EXERCISE GOAL: Output the listing below exactly, minus its images.

INFORMATION SUPPLIED:

[Start of Attachment]

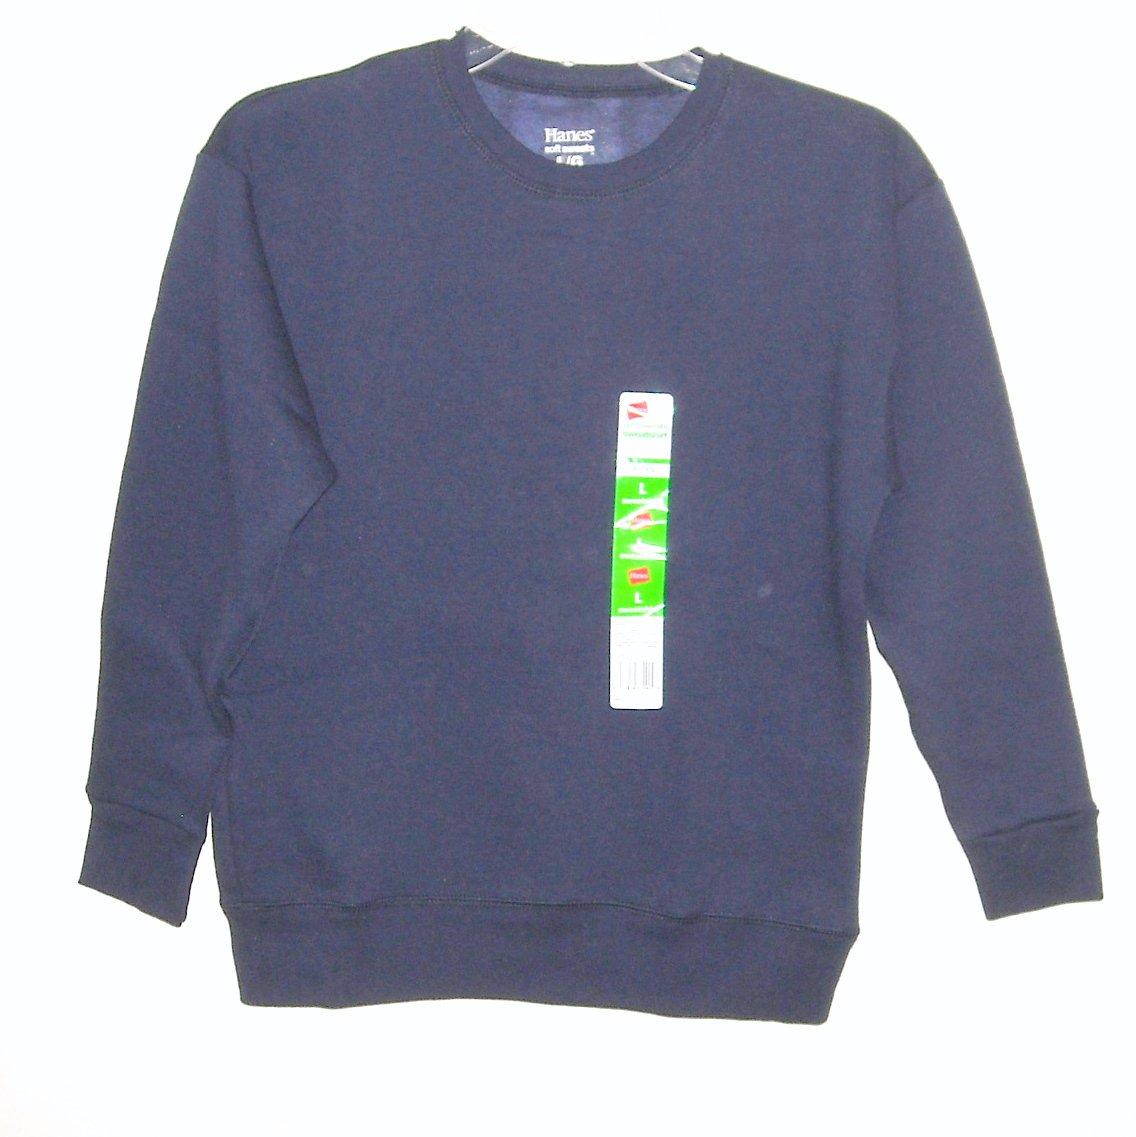 Hanes Boys Soft Navy Blue Sweats Fleece Sweatshirt L / G 10/12
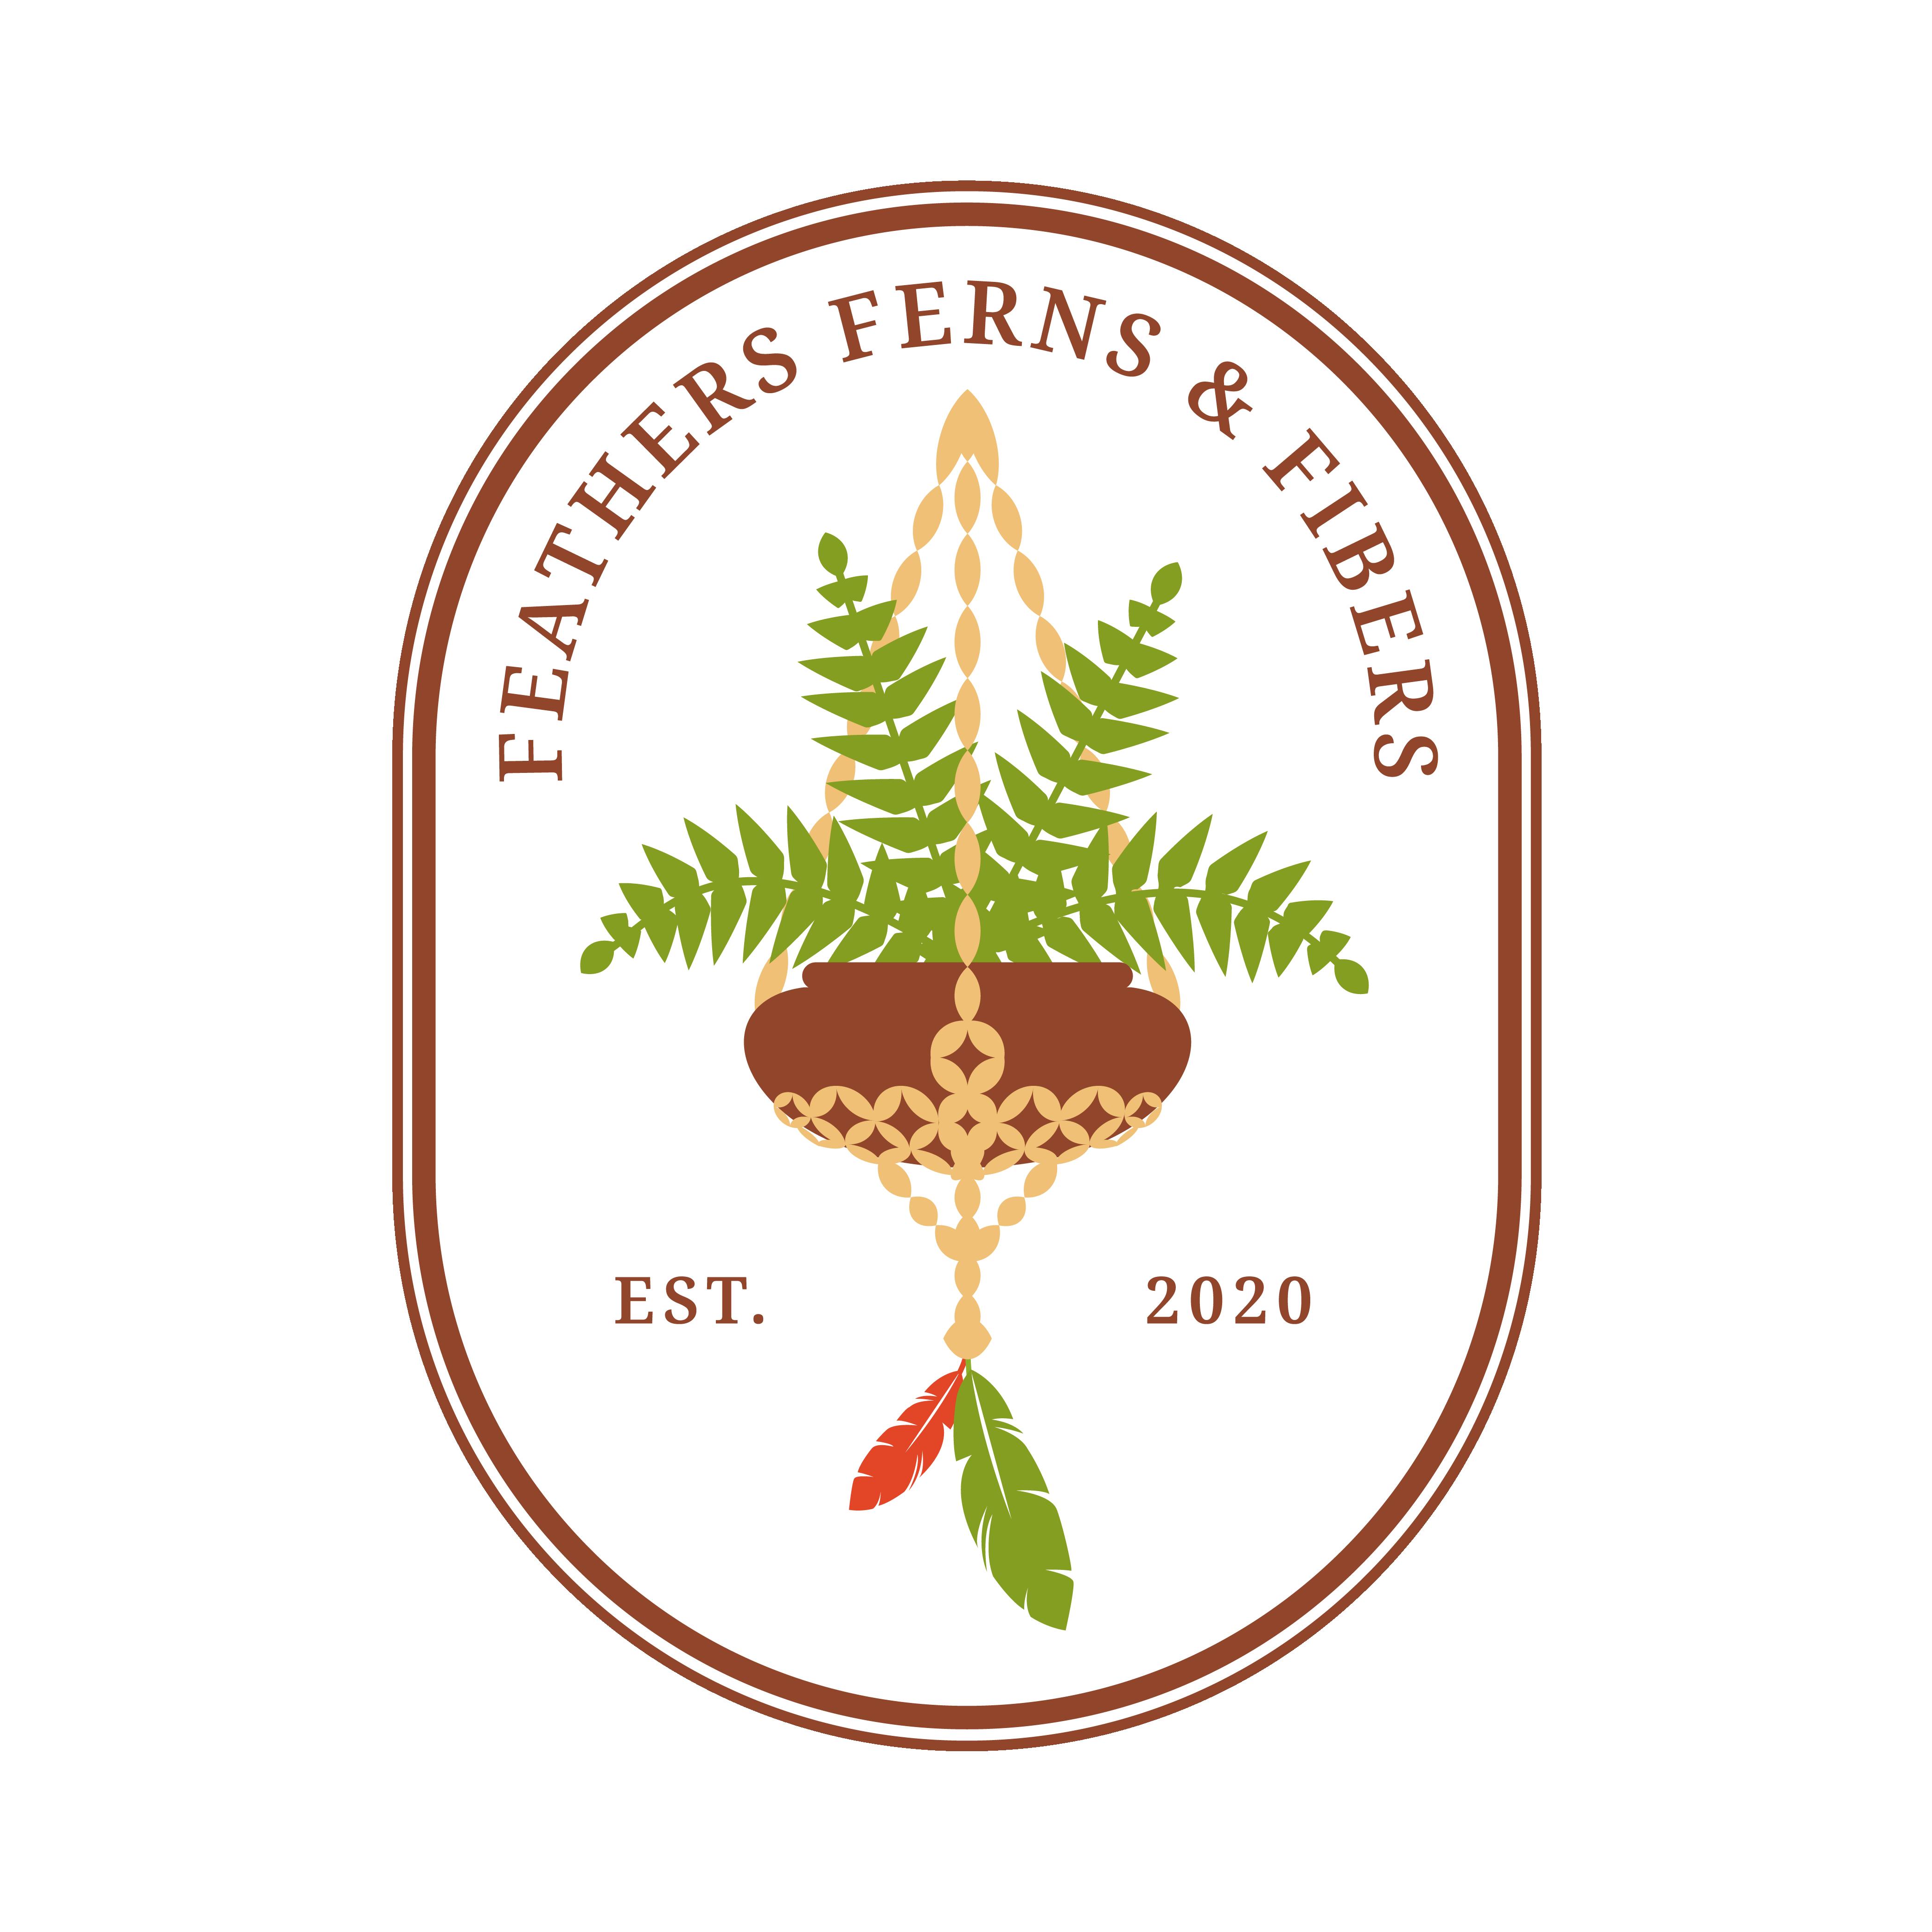 Feathers Ferns & Fibers
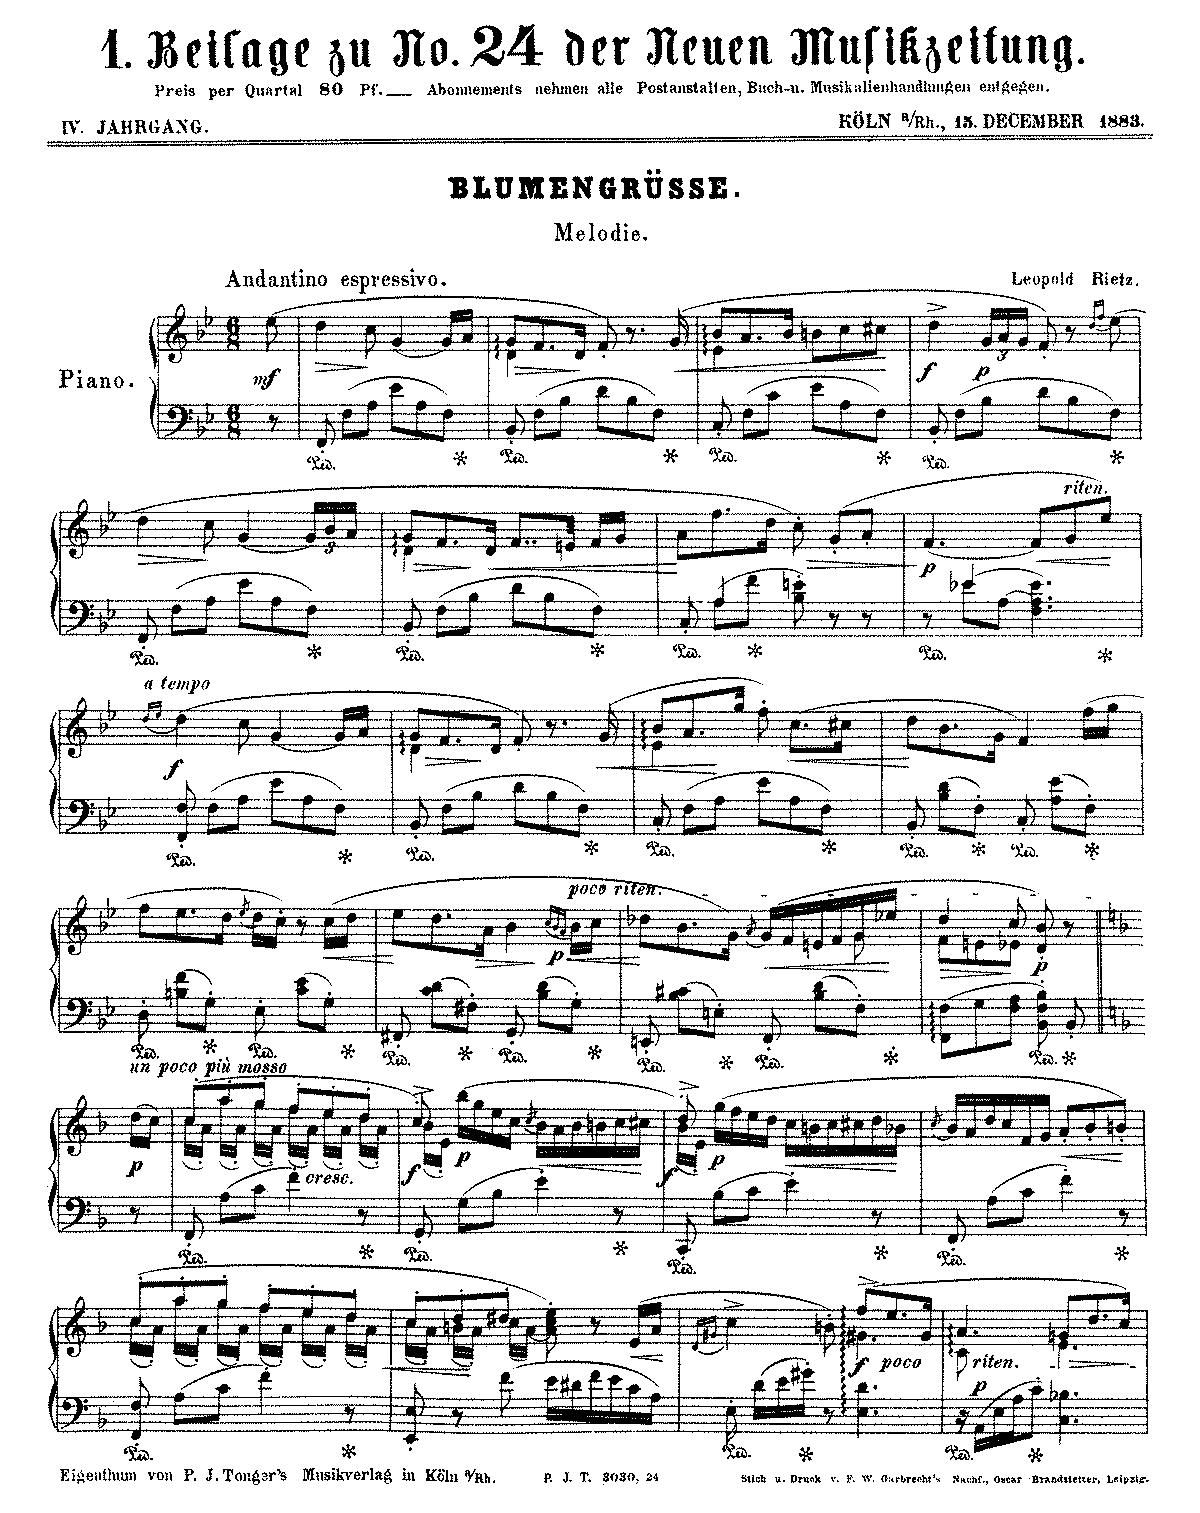 Blumengrüsse (Rietz, Leopold) - IMSLP/Petrucci Music Library: Free

[End of Attachment]

TASK OUTPUT:
 Hanes Boys Soft Navy Blue Sweats Fleece Sweatshirt L / G 10/12
 Feathers Ferns & Fibers
 Blumengrüsse (Rietz, Leopold) - IMSLP/Petrucci Music Library: Free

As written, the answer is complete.